One of my hobbies is collecting old radio programs from the 1930s, ’40s, and ’50s; I have a vast collection on LP, cassette, CD, and now mp3. In the days before television, home entertainment centered on the radio, where programs similar to today’s TV offerings were the source of delight to the majority of Americans. Comedies, dramas, mysteries, adventures, even soap operas (so named because the program’s sponsor was usually a soap company) were piped into every home with a Philco or Atwater Kent.

Big TV networks like NBC, CBS, and ABC got their start in radio and nearly everyone listened to the same programs. One show, Amos and Andy, was so popular that stores would broadcast it over their loudspeakers, and movie theaters would stop in the middle of the evening film to play the show for their audiences – a practice unimaginable now.

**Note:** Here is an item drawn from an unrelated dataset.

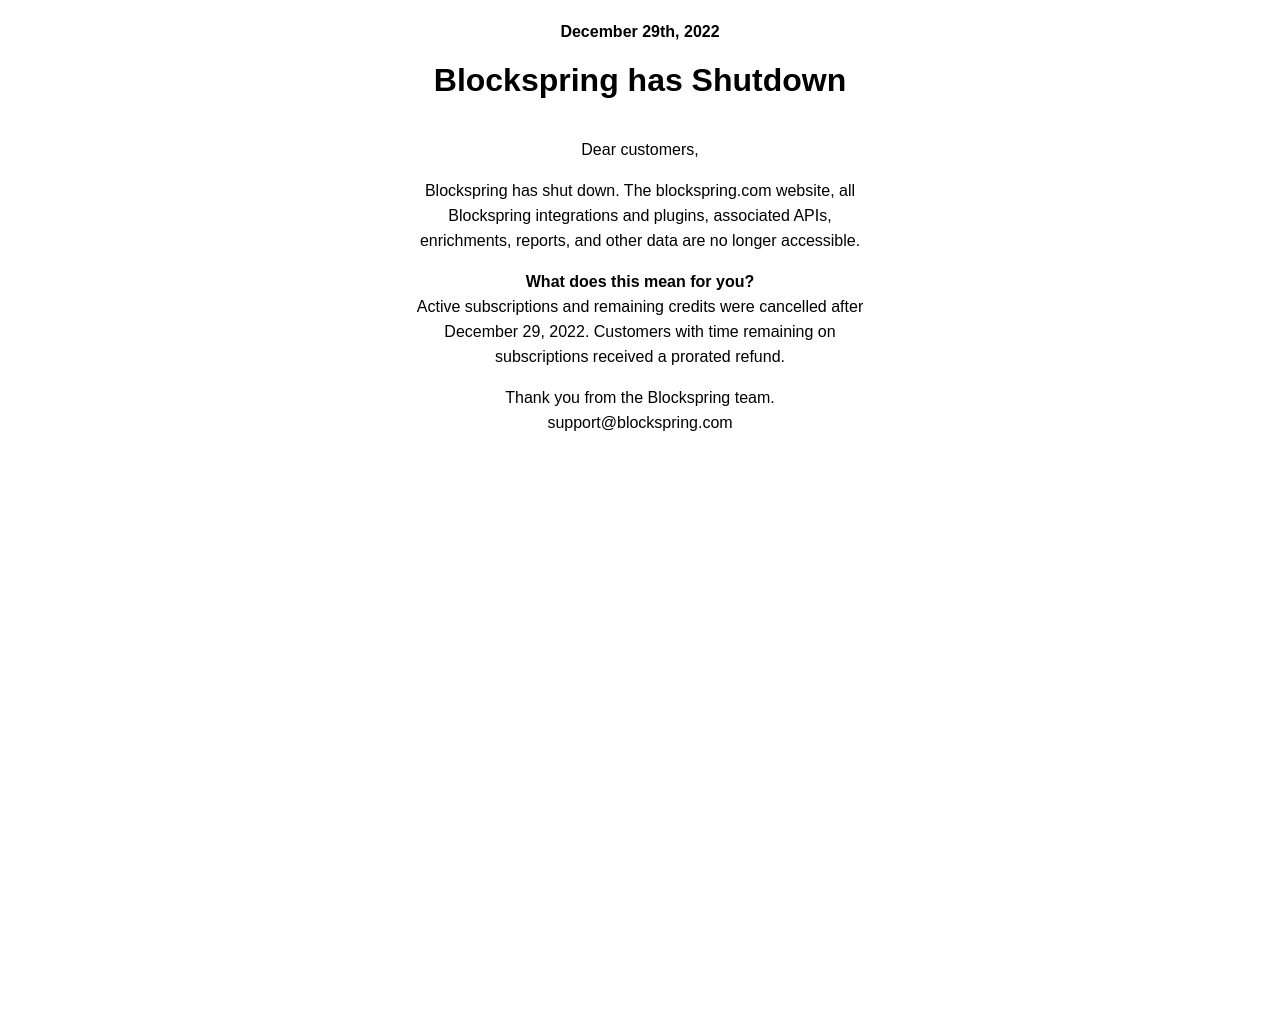 blockspring.com

I mention this as background for "Who Was That Masked Man, Anyway?", a terrific book by the prolific (he has written over 50 books) Newbery Medal-winning author, Avi. It takes place in 1945 and focuses on the effect that the radio shows of the time have on the life of sixth-grader Frankie Wattleson.

Frankie likes radio shows, too, especially those programs featuring The Lone Ranger, Buck Rodgers, Sky King, and other adventurers. He has even come up with his own character: Chet Barker, Master Spy. But Frankie is obsessed to the point that he neglects his schoolwork and becomes a general nuisance: to Mario, his best friend (who has to play his radio with the window open because Frankie doesn’t have one of his own); to his teacher, Miss Gomez; his parents; his brother, Tom; and their boarder, Mr. Swerdlow.

He conspires with Mario (via their aliases: Mario is sidekick Skipper O’Malley) to bring Miss Gomez and Tom together romantically while attempting to prove that Mr. Swerdlow is a “mad scientist” agent working for some fiendish underground criminal organization (because he has a skeleton in his closet, a real one). Meanwhile, he does everything he can to make sure he is near a radio when his favorite shows come on. Despite these unconventional methods, almost everything works out in the end, a credit to Avi’s skill at tying up loose ends.

"Who Was That Masked Man, Anyway?" is an ingenious love letter to radio’s golden age: Avi includes excerpts from some of Frankie’s favorite shows in the text, divides the story into “episodes” instead of chapters, and tells the story entirely through dialogue with no descriptions – not even “he said” or “she said.” He captures the period beautifully while keeping his story accessible to modern readers in the hope that it will introduce a new generation to the excitement of the “theater of the mind.”